INSTRUCTIONS TO FOLLOW: Output the data unchanged and complete, minus the images.

── MATERIAL PROVIDED ──

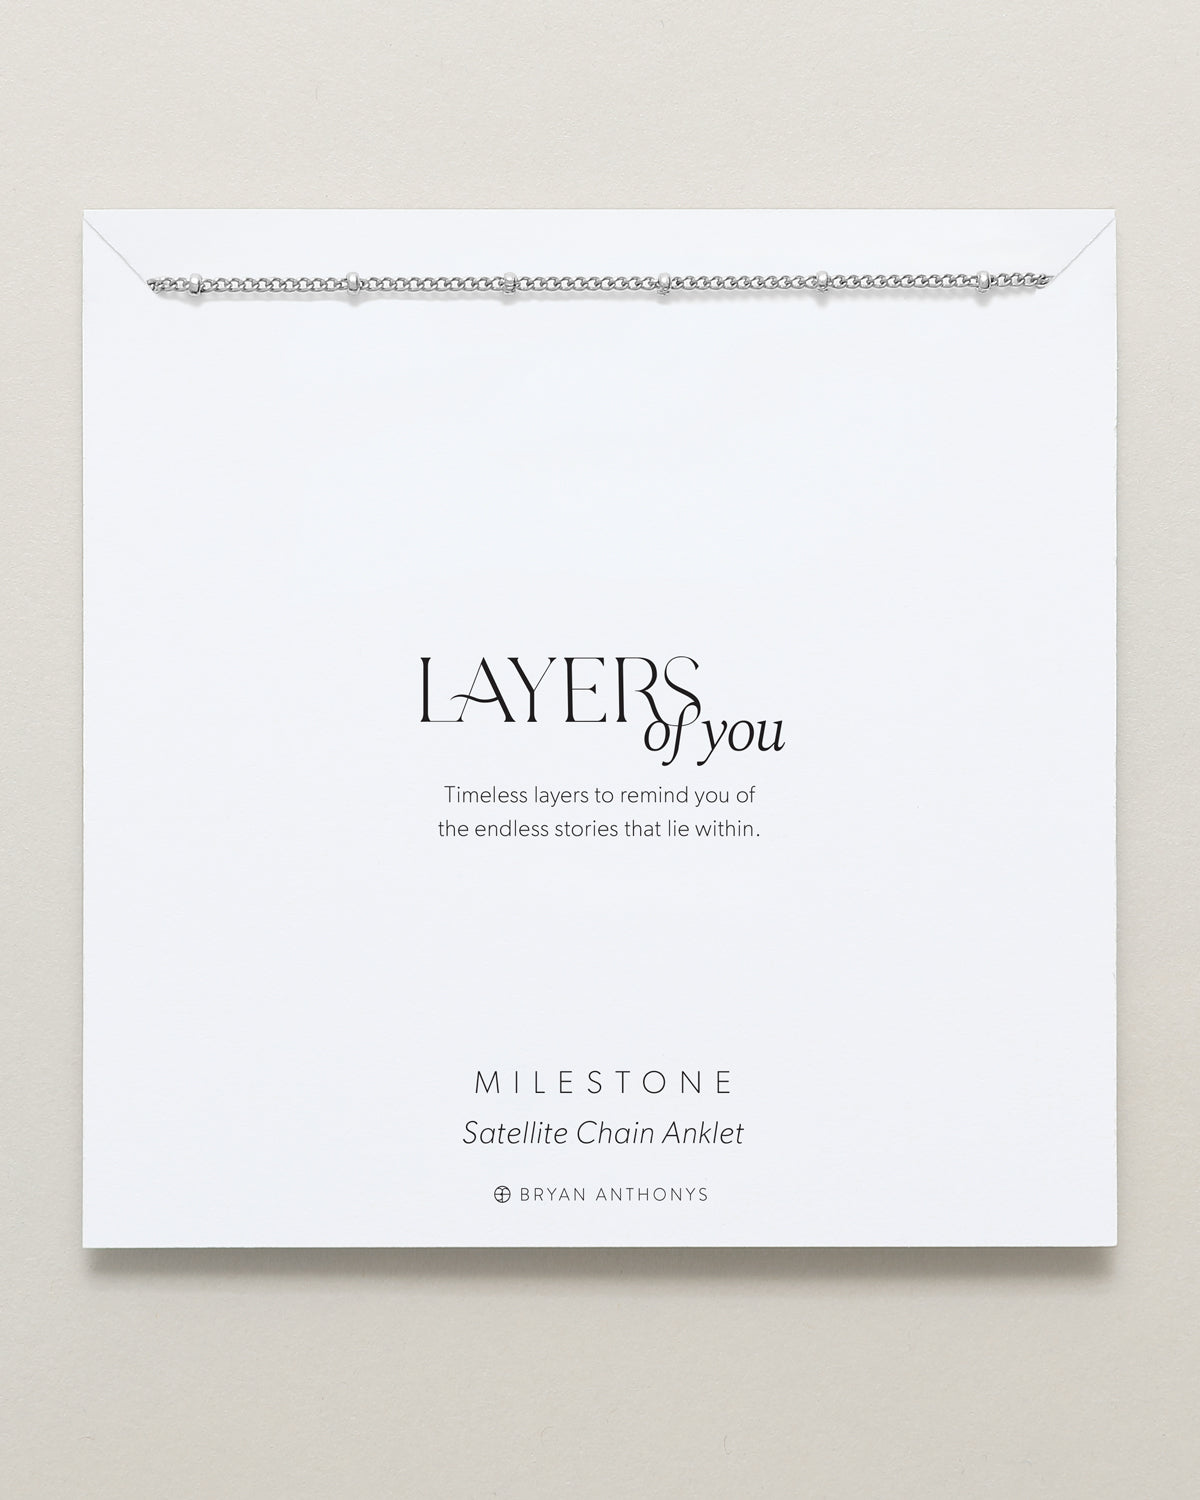 Bryan Anthonys Layers of You Milestone Silver Satellite Chain Anklet On Card
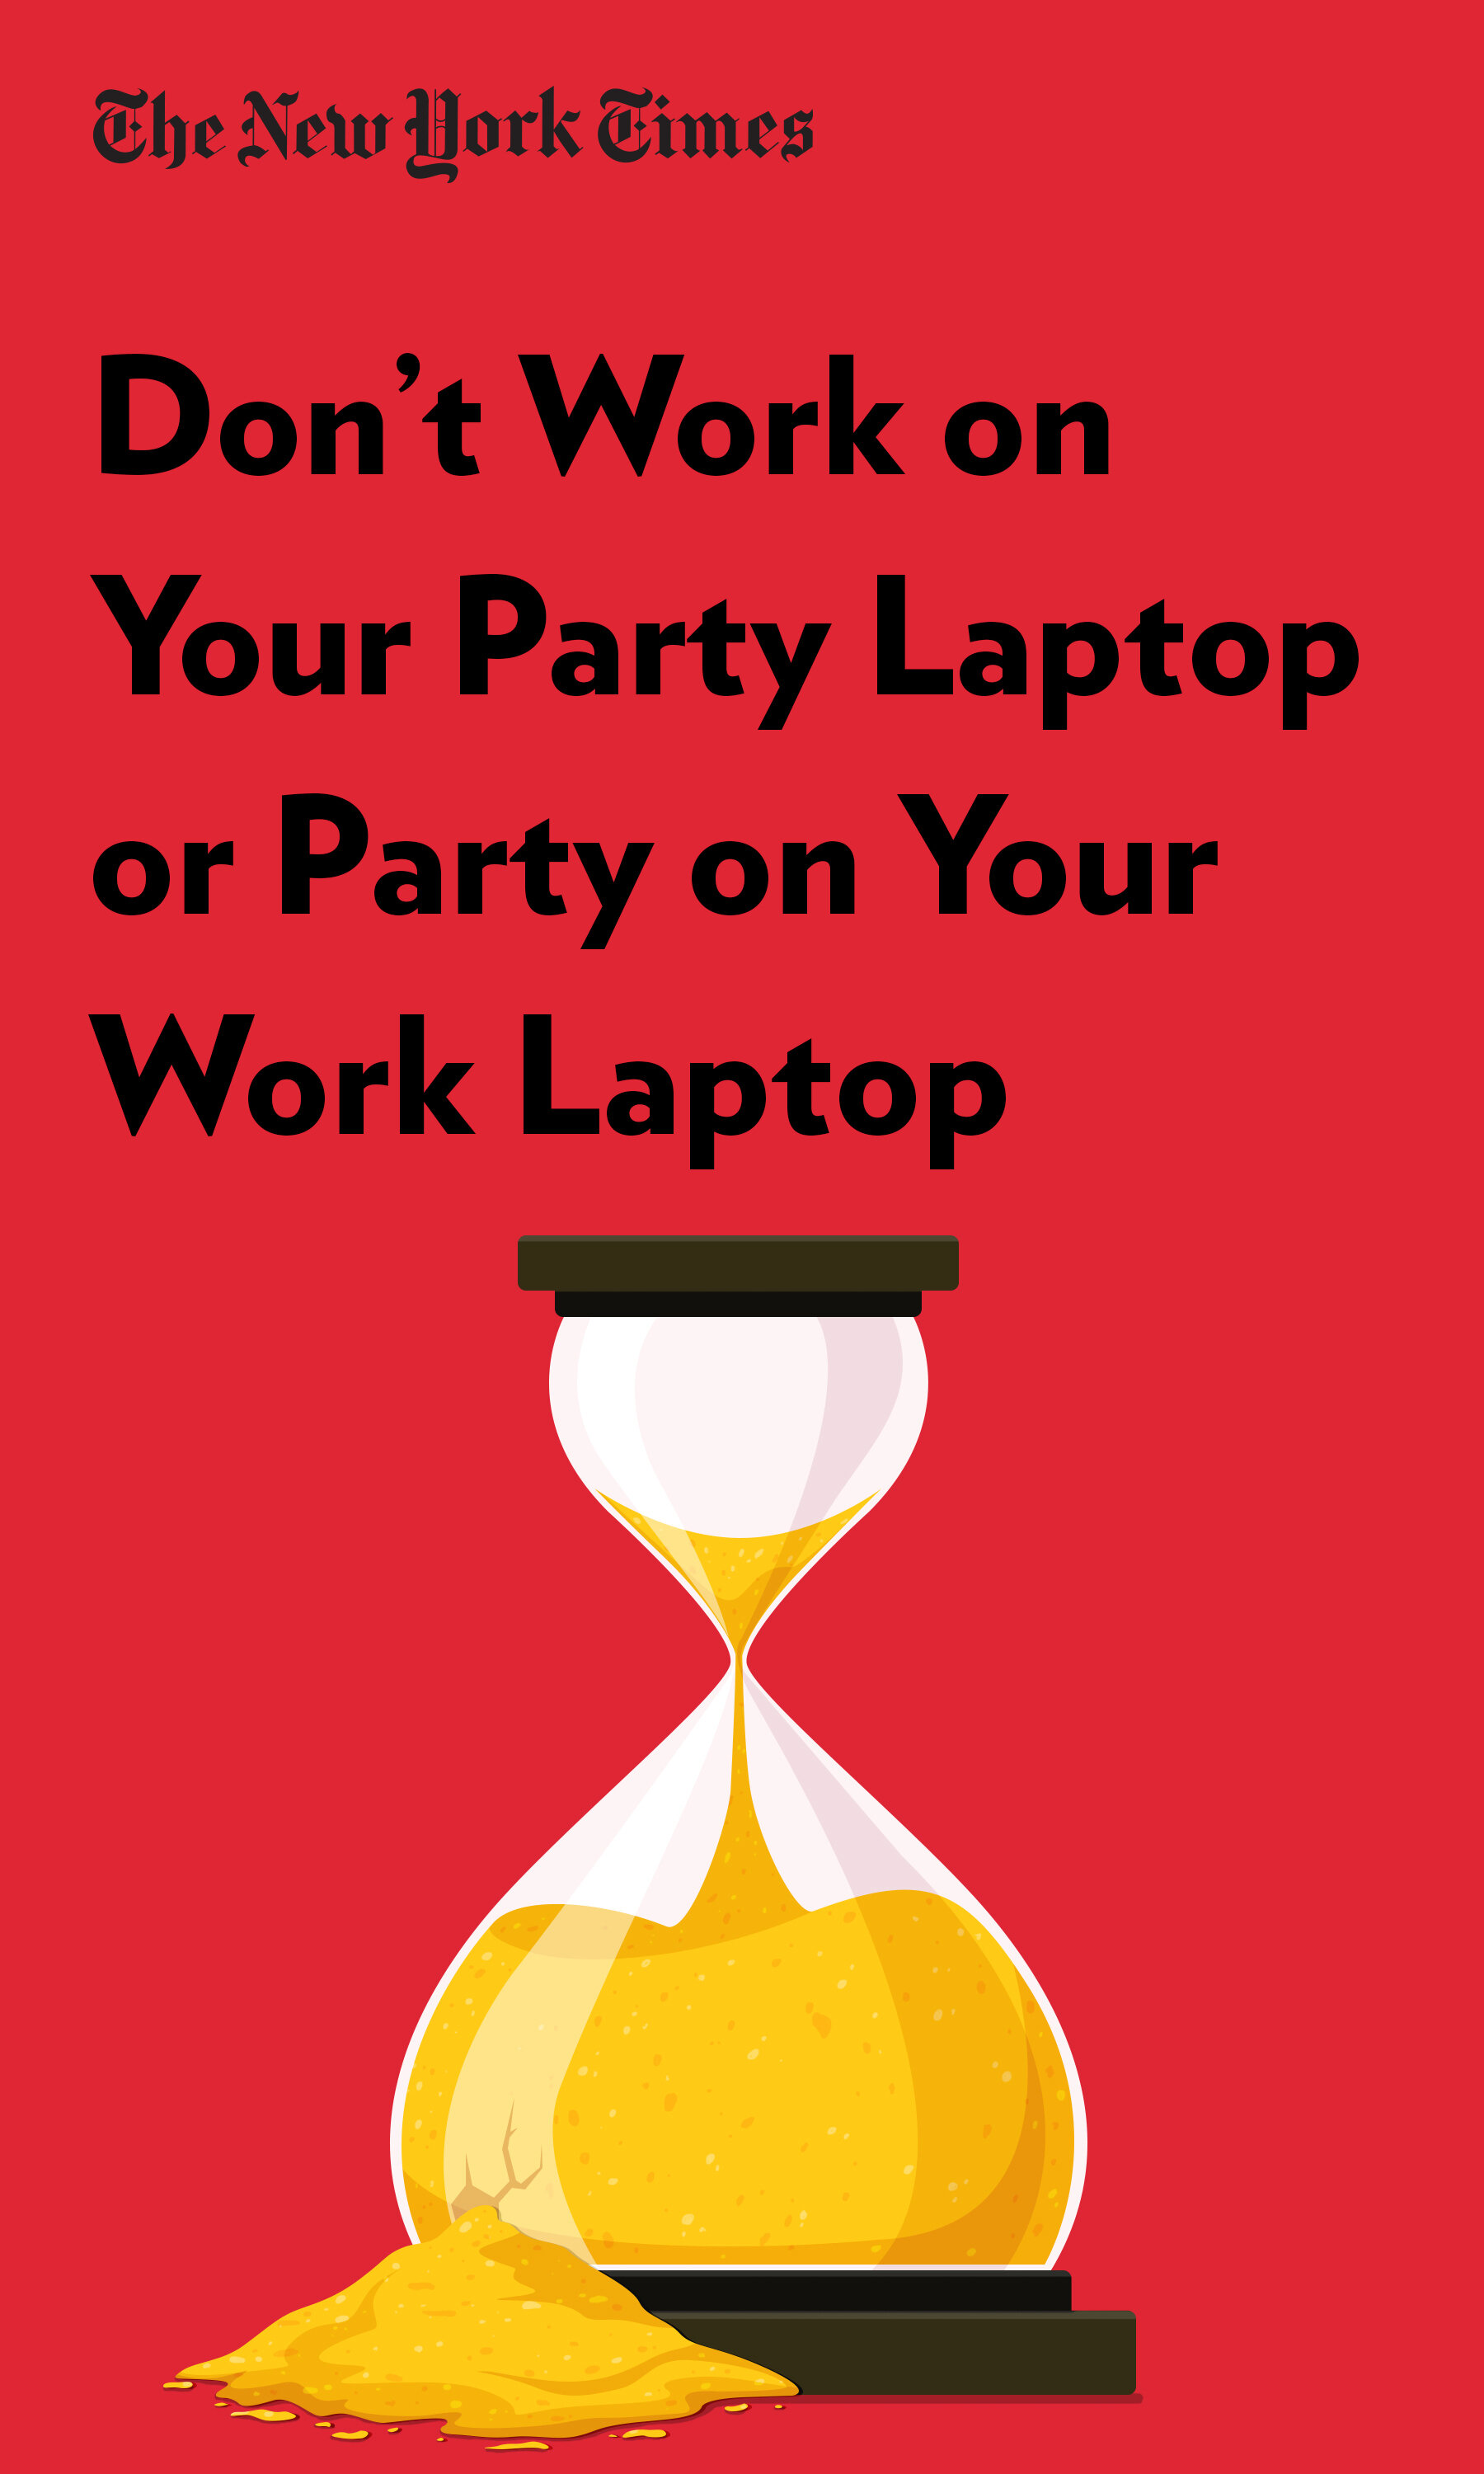 Don't-Work-on-Your-Party-Laptop-or-Party-on-Your-Work-Laptop-eBook.jpg
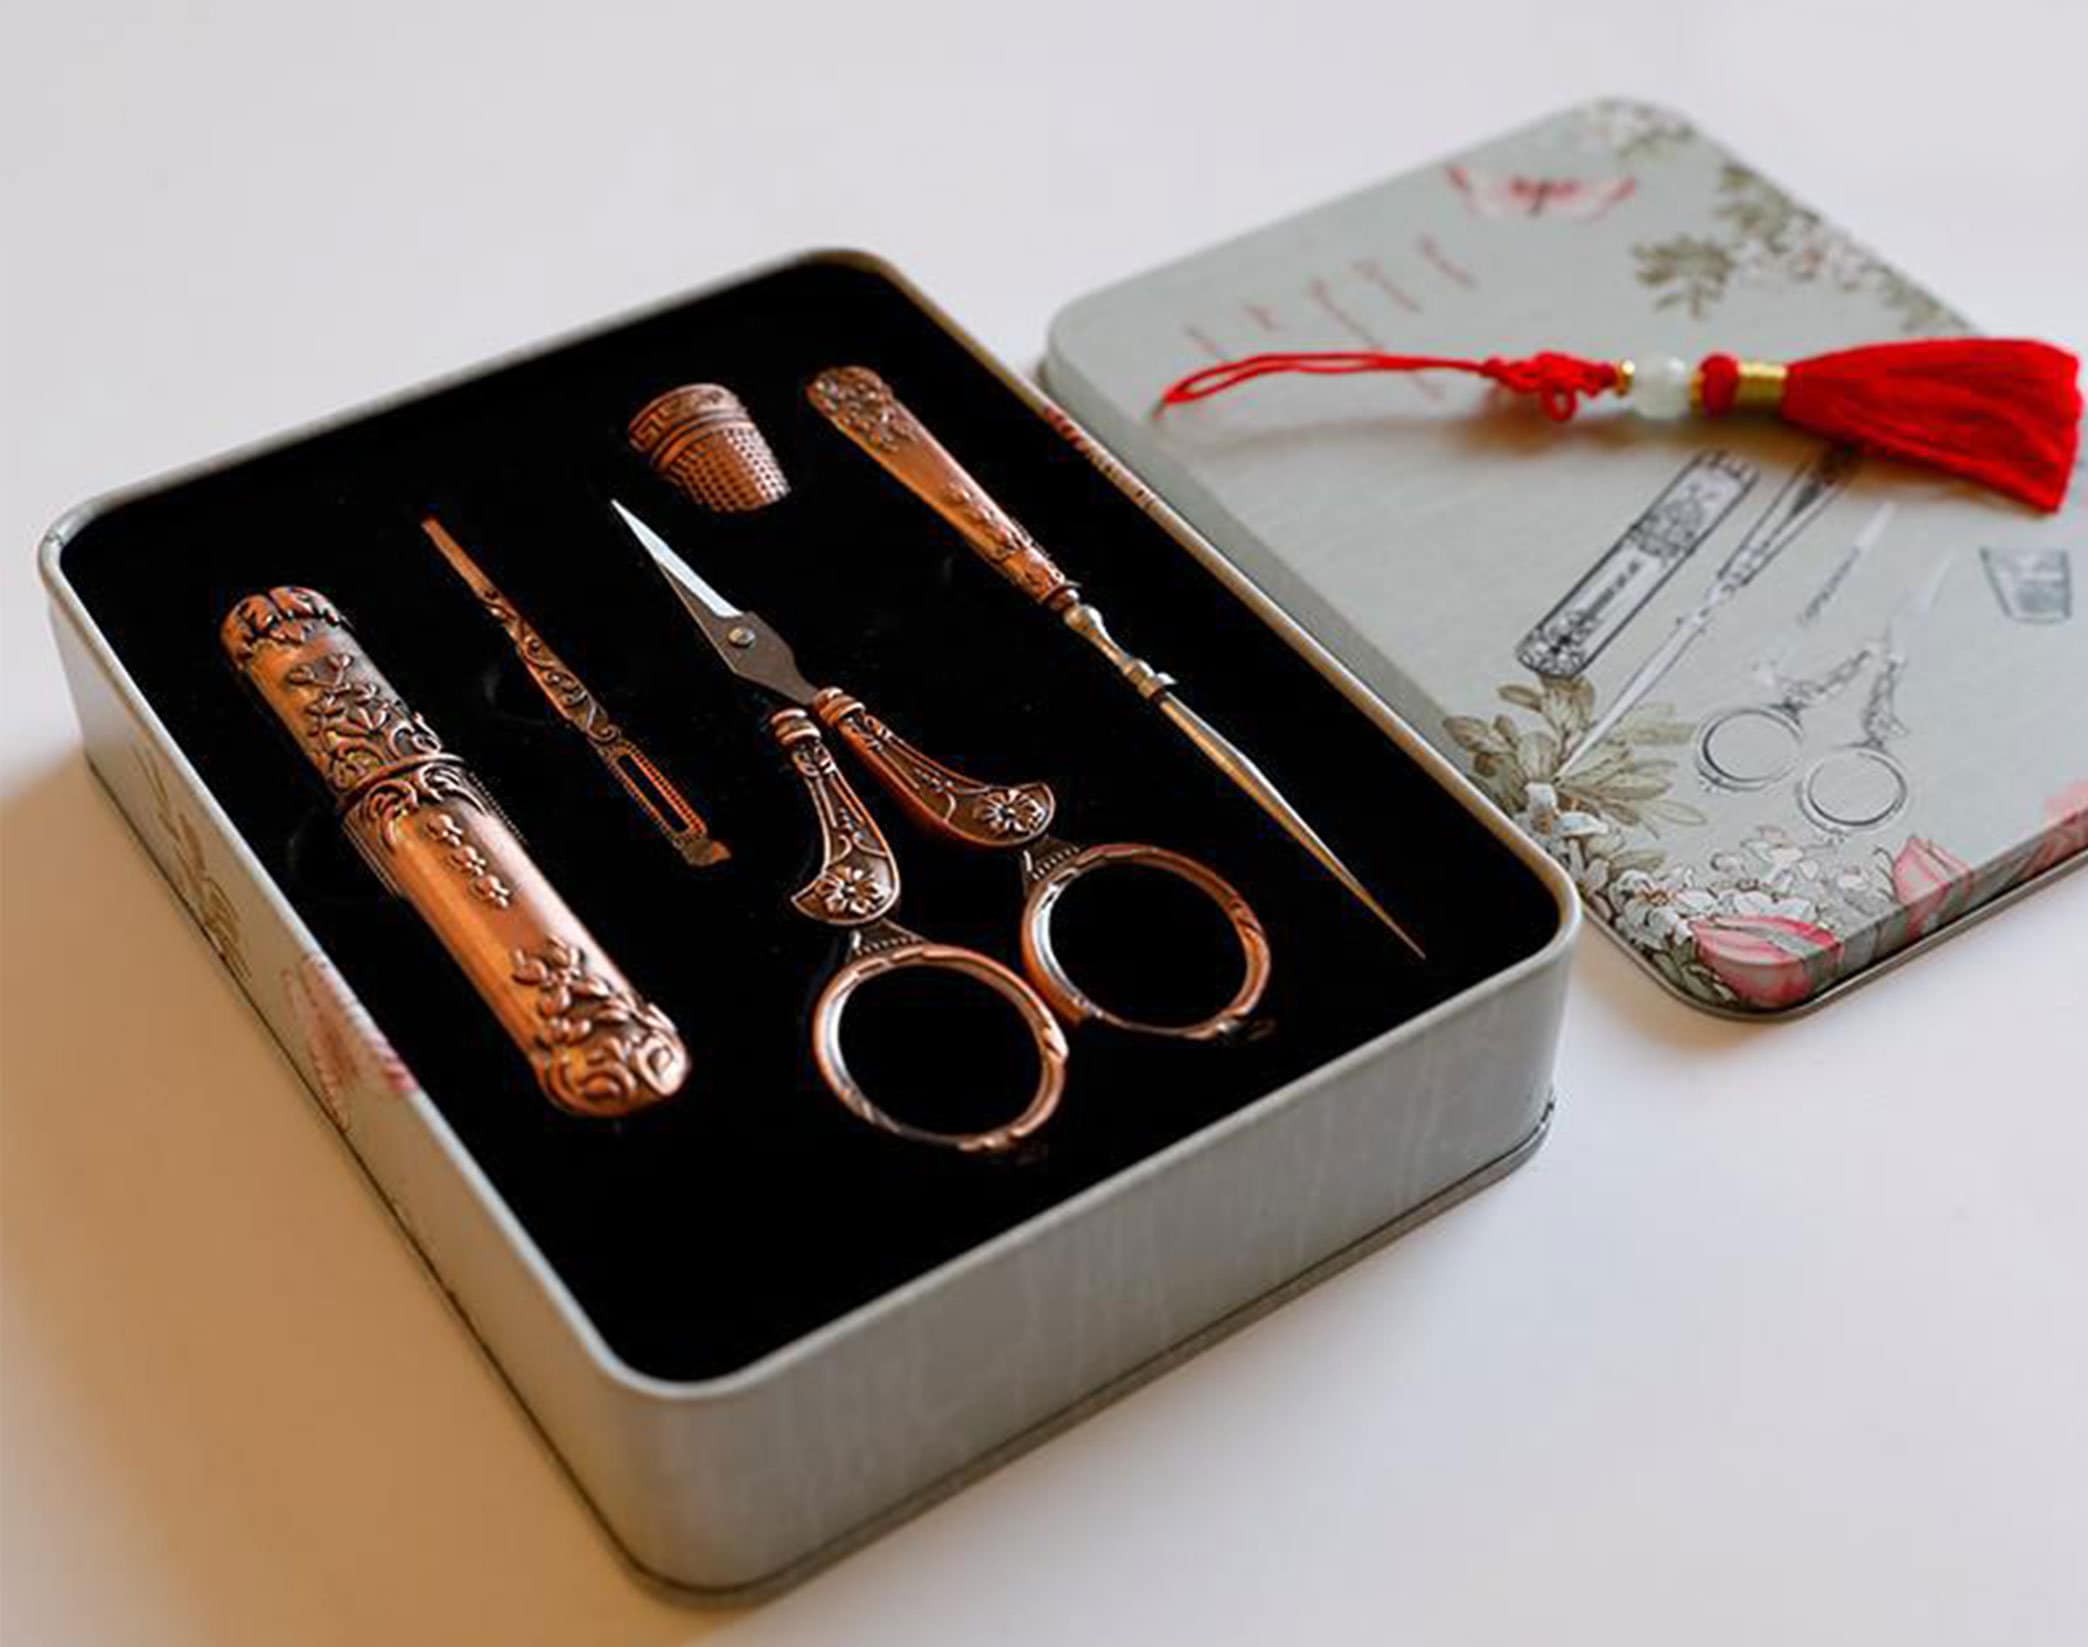 5 PCS Victorian Sewing Tool Set With Scissor Thimble,vintage Needlework  Kit,sewing Case,antique Embroidery Scissor,gift for Sewing Lovers

───

SOLUTION BELOW:
 Bryan Anthonys Layers of You Milestone Silver Satellite Chain Anklet On Card
 Don't-Work-on-Your-Party-Laptop-or-Party-on-Your-Work-Laptop-eBook.jpg
 5 PCS Victorian Sewing Tool Set With Scissor Thimble,vintage Needlework  Kit,sewing Case,antique Embroidery Scissor,gift for Sewing Lovers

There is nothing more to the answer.